Travis’ FPS stream will be happening next week!
Travis strongly recommends tuning in right at the start of the episode on Thursday. Right at the start. You and all your friends. Don’t miss it. There’s a sneak preview of some sort of animation!
Check out Gil Ramirez’s (an amazing smith, but also of “don’t fuck me Gil” fame) kickstarter!
Stats!
This episode had more spells cast than any previous episode: 76.
3rd time Beau has attempted to Extort Truth, and the 2nd time it’s succeeded.
Fjord has used four potions, all administered to other people.
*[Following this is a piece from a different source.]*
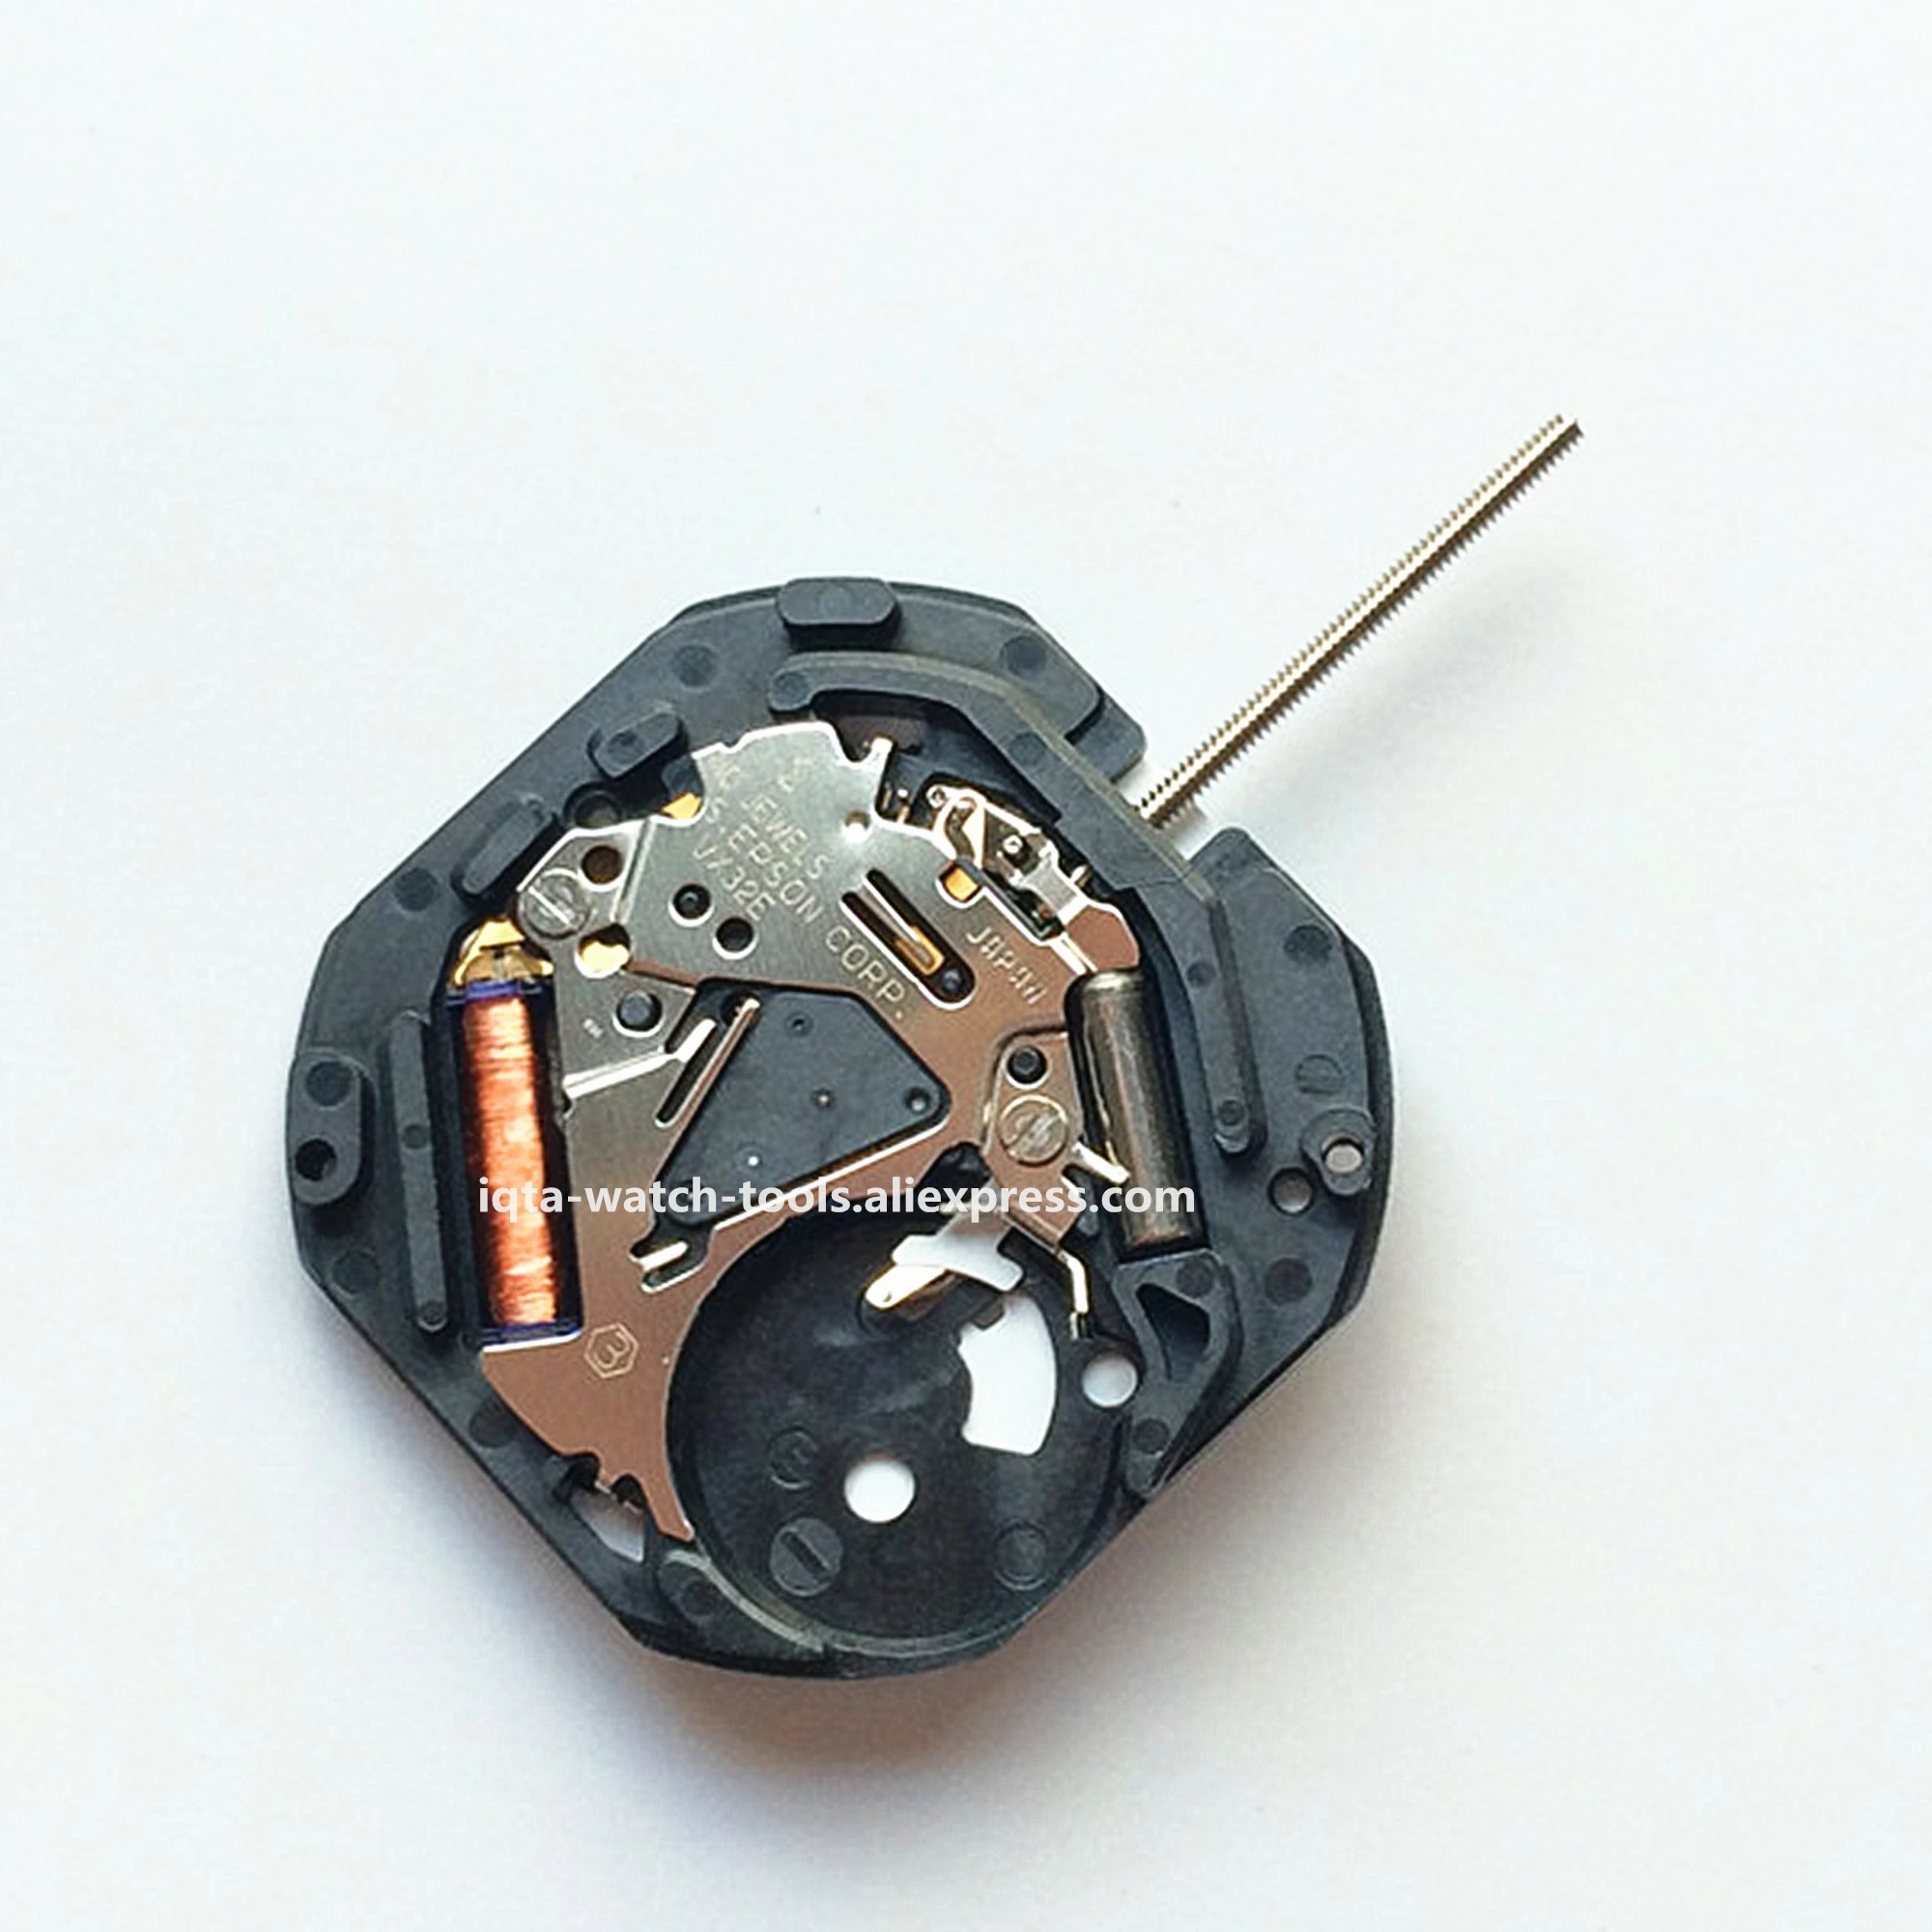 Epson VX32E Quartz Movement Watches Repair Parts Replaces 7N32 7N39 V722 V732 S

Brian: “For as much as you like swallowing... potions, not so much.”
Fjord has just passed Molly’s natural 20 count, reaching 26. Beau still sits at the top, with 49.
Travis and Marisha agree that this was one of their top five episodes of the show.
Fjord “totally dug” Caleb’s call to go with Wall of Flame to bring the situation with Avantika to a head. He points out that they’d had a conversation about keeping this whole situation in check if need be.
Brian: “You sound like McCree’s drunk uncle.”
The group planned (”we obsessed”) over the game for the entire two weeks, hundreds and hundreds of messages. It pretty much went according to plan. Marisha: “We had contingency plans. We had an ideal initiative, but we were like, if we fuck up, then Nott will take the journal. We had main roles and then understudies.”
Fjord thinks being able to summon demons is pretty much in line with all the weird shit that’s happened to him up to this point. He hasn’t even considered the consequences. Marisha: “I feel like that’s this entire mission. We’ll consider the consequences later.”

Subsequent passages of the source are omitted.